A letter describing the study and a recruitment brochure were mailed by ISCR to each eligible patient between 1-3 months after initial diagnosis (in both Spanish and English if ethnicity was unknown or known to be Hispanic). If a patient did not respond either by mail or telephone within 10 days, a second contact was attempted by mail, telephone, or both. Once contact was established, if the patient expressed interest in participating in the study, she was placed in contact with the UIC Survey Research Laboratory where she was screened for eligibility and scheduled for an interview. If the patient said she was not interested, the case was flagged for recontact 2 months later, allowing the patient more time to adjust to her diagnosis. The survey interviewer obtained written informed consent before the interview was administered. As part of the consent process, patients were informed they would receive a gift of $100 for their participation. The 90 minute interview was administered either in English or Spanish as appropriate using computer-assisted personal interview (CAPI) procedures. The final interview response rate was 56% (989 completed interviews among eligible patients).

Measures

The interview queried subjects about the process of discovery, diagnosis and treatment of the patient’s breast cancer, as well as health care seeking behavior and related constructs. Patients were asked how they first became aware of the problem later diagnosed as breast cancer. Forty-five percent of patients in the study (N=441) reported that they had self-identified the symptom that led to the initial discovery of the breast cancer (38% of non-Hispanic White, 47% of non-Hispanic Black and 55% of Hispanic patients, p=0.0002). For these analyses, only patients with a symptomatic breast cancer were included. The extent of patient delay was determined from the following series of questions:

“When a woman discovers a problem in her breast, she usually has to think about what to do next before contacting a doctor. What about you? Please think about how much time passed after you noticed a lump before you first contacted a doctor. Did you make an appointment the same day, the next day, within a week of finding the problem, or was it more than a week?”

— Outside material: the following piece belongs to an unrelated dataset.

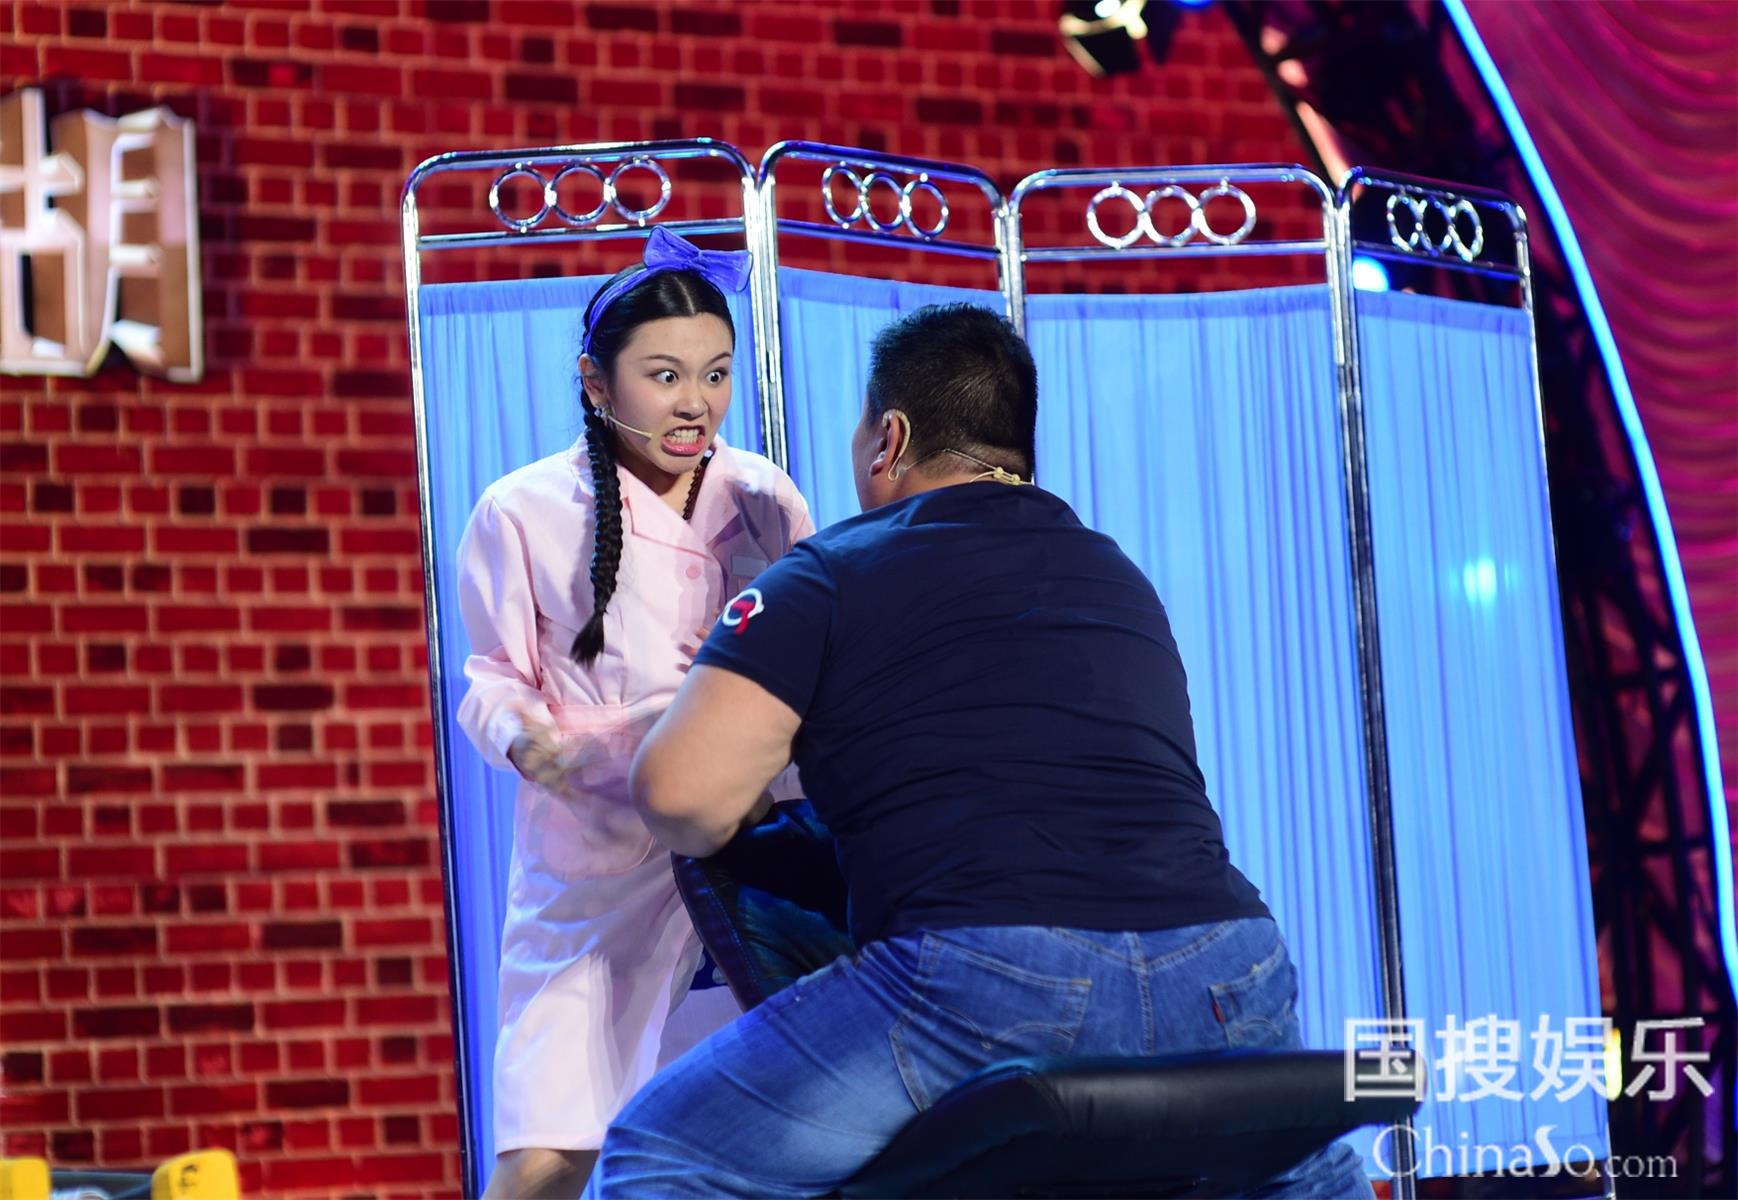 美女选手陆敏雪对冯小刚撒娇 郭德纲:交男朋友了吗? 6

Patients had the option of reporting extent of delay in days, weeks, months or years, and all responses were converted to days. From this variable, a dichotomous variable was created as 90 days or less versus more than 90 days (prolonged patient delay). The justification for dichotomizing delay at 90 days was based on previously published findings that patients with total delays of less than three months have significantly better 5-year survival than those with delays of three to six months (8). Responses by 12 percent of patients could not be coded to the nearest month; however, all but two patients provided enough information to enable their responses to be coded as either 3 months or less or greater than 3 months. The final sample for analysis was 436.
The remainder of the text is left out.